A/N: Hello! This fic is based off something I found while poking around on the internet, so all credit for the idea goes to whoever came up with it.

Disclamer: I own NOTHING Doctor Who and all of it's charecters belong to the BBC

A woman whose hair was once a vibrant red lay in her bed on what she knew would be the day she died. She could feel it. She hadn't lived a spectacular life, but it had been good. She had a husband once, but he was now long gone. Two children, and five grandchildren, who wouldn't make it. It had been a good life, but she knew that today it would end.

She almost sighed. She wished she could've done more. Throught her audlt life she had always had a naging sense that she was missing something, that she wasn't doing enough. And sometimes she heard words, snippets of conversatons that she knew shold mean something, but she couldn't place her finger on. She once told he grandfather this, before he passed away, but he just said that it was probably nothing and quickly changed the subject. It had confused her, but she never brought it up again.

She had horrible headaches too. She didn't think much of it, but they were bad, and sometimes left her in bed for days. Now that she thought of it, she felt that feeling, that feeling like she was missing something, more when she was having a headache. And sometimes, maybe once or twice in her life, she had heard fragments of a conversation between her mum and her grandad, something about aliens. The aliens weren't the strange part, grandad went on and on about those. The strange part was that her mum actually seemed to be listening and concerned for Donna's health.

Looking back on it, Donna's adult life had been rather strange, just in ways one doesn't particularly notice. Like when there were twenty six planets in the sky. Of course it was obviously some sort of mass shared hallucination, but shouldn't she remember hallucinating?

Donna wondered if this was when she was supposed to realize the meaning of life or her divine purpose. "I'm even rubbish at dying" Donna thought bitterly. She could never do anything right. Even though her marriage was happy, she couldn't help but think that he wasn't as good as someone else. Of course she had no idea who, and she couldn't tell these things to her husband. After all how do you tell your husband "I love you, but I think I'm more in love with someone I can't even prove the existence of."

Donna sighed out loud this time. Meaning of life? Was she supposed to ponder the philosophical musings of how incredibly strange her adult life had been?
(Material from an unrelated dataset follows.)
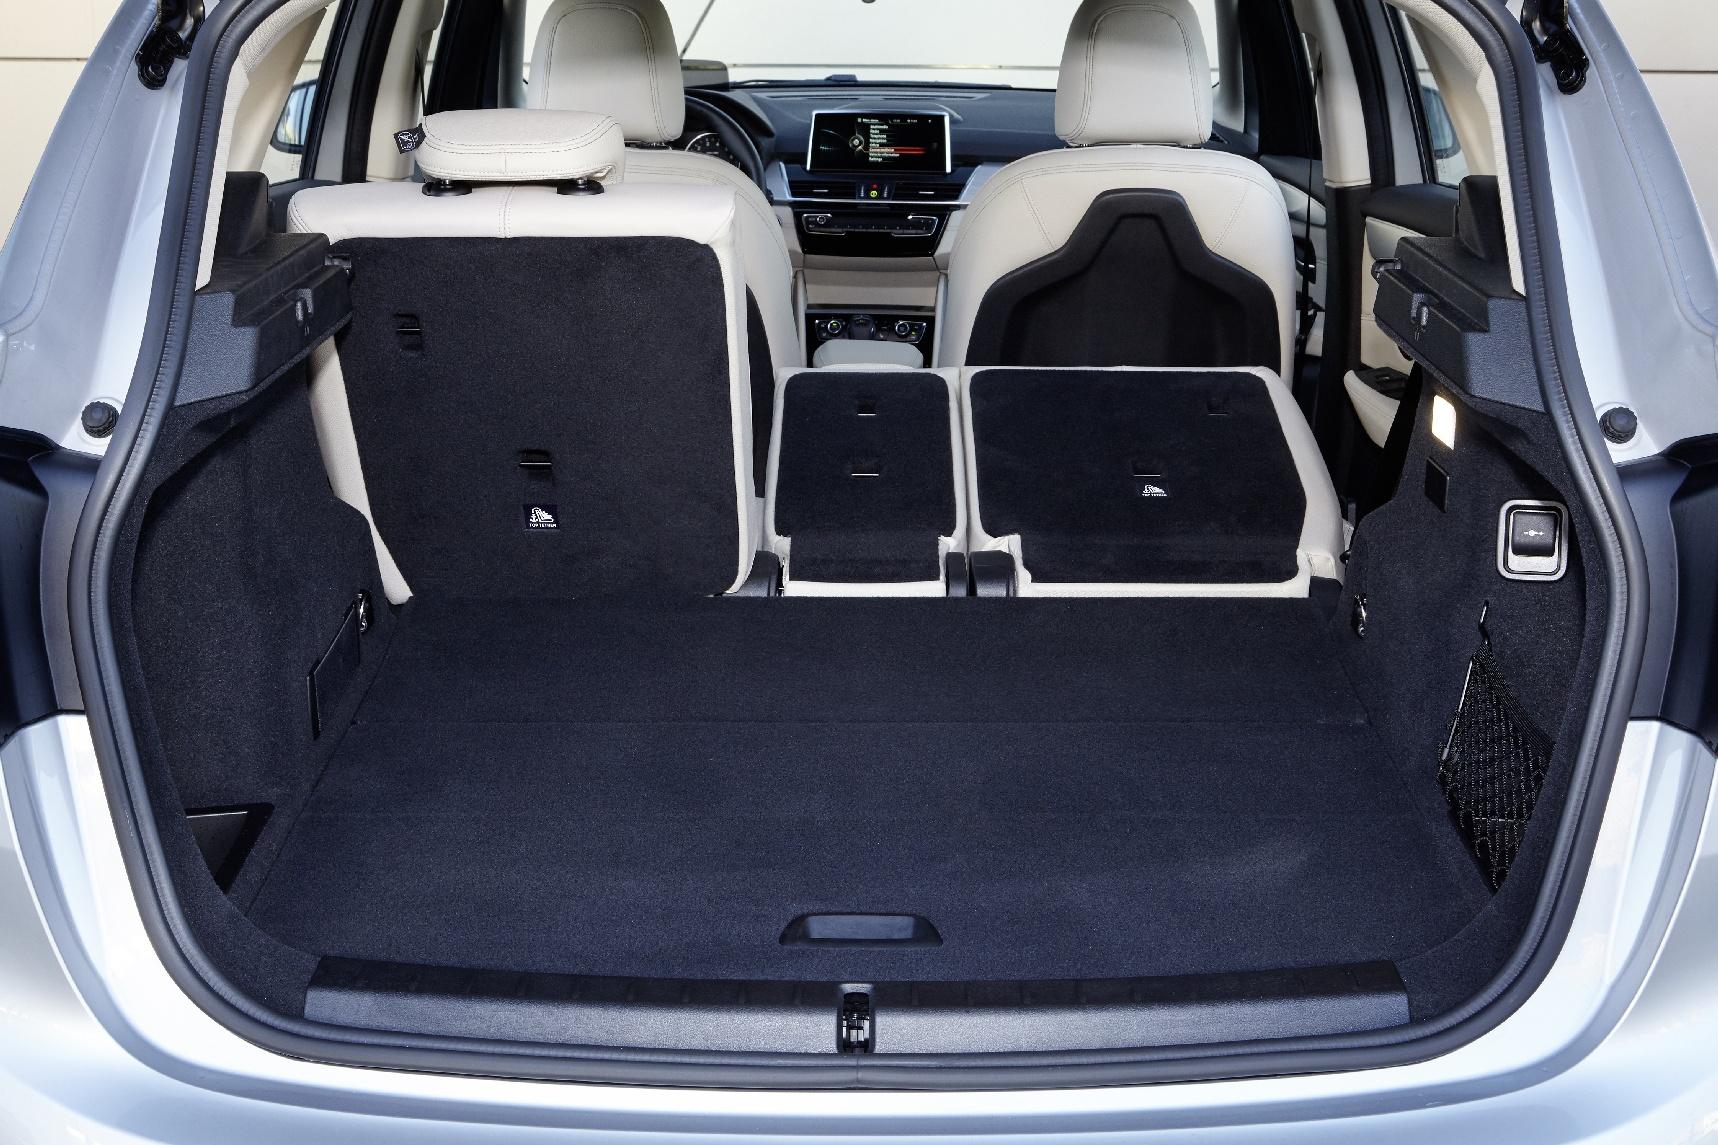 Het koffervolume varieert van 400 tot 1.350 liter.
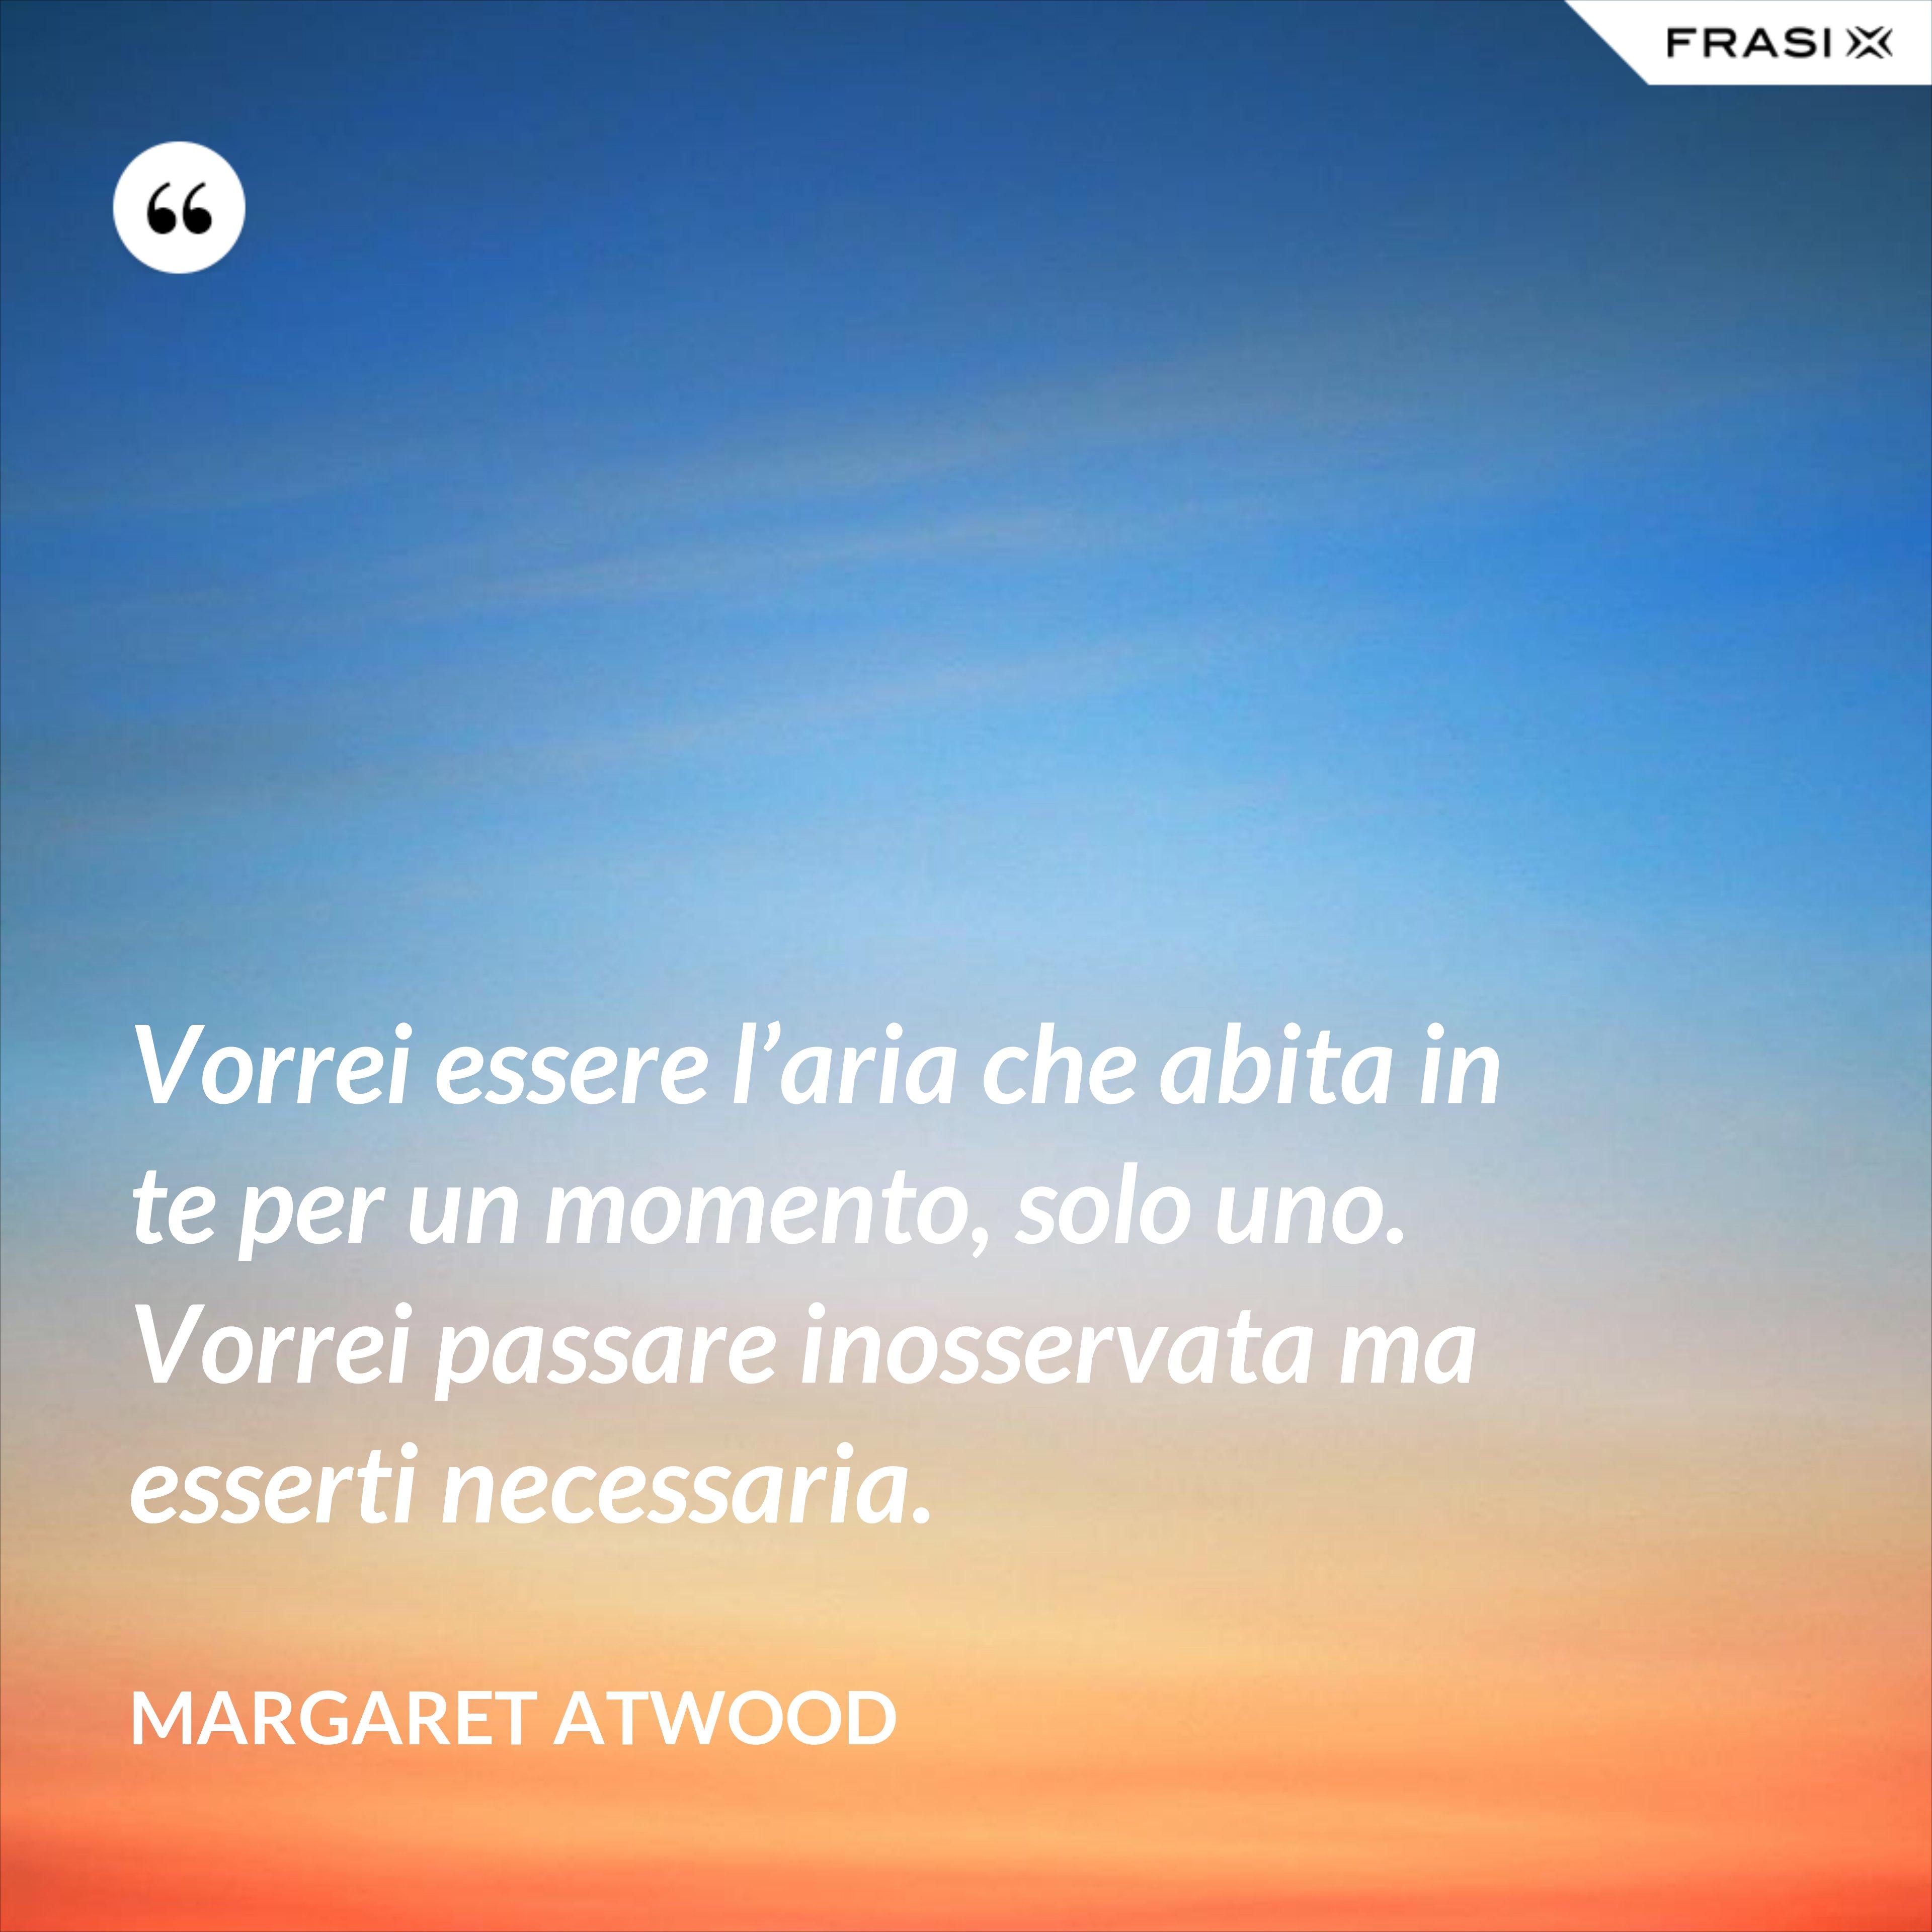 Vorrei essere l'aria che abita in te per un momento, solo uno. Vorrei passare inosservata ma esserti necessaria. - Margaret Atwood

Was that seriously what the universe waned her to realize after all of these years of living? She supposed that it must be struggling because of how unbelievably nothing her life had been. She guessed that every average person did at least one amazing thing in their life, but nope, not Donna. She had never done anything special. Ever.

Donna stared to wonder when she was actually going to die. After all, there are only so many ways to think about how unbearably strange and boring her life had been. Of course she would've loved to live on and see new things, go new places, but this was it. She just knew it.

So she lied there, pondering whatever the universe wanted her to ponder. And she never thought about death. She didn't wonder where she would go. She wasn't sure if it was because she didn't care or it was just another one of her particular oddities.

Then a man walked in. He was wearing a bow tie and a jacket, and tears glistened in his eyes. She opened her mouth, possibly to give this man a piece of her mind, but closed it.

"Hello, old friend." The man said with a hint of melancholy in his voice. Before Donna could do anything, the man put his fingers on her temples and she remembered. She remembered Pompeii and the Ood, she remembered Sontorans and the giant wasp. And she remembered why she had to forget.

"Thank you, Doctor." Donna whispered, knowing that she had little time left.

"Remember River Song?" The Doctor asked. Donna nodded. "I married her."

Donna smiled. Finally, she knew it had to end.

"Goodbye, Doctor." And with those words, she died.

The Doctor, refusing to let himself cry in such a public place, walked outside. His blue box was waiting for him, just like it always had. He would go forward a few days and go to her funeral. There he would let himself cry because he would fit in. He would just be another mourner. And all of the others who were there would not know how truly amazing she was. Only him. And with that, he left.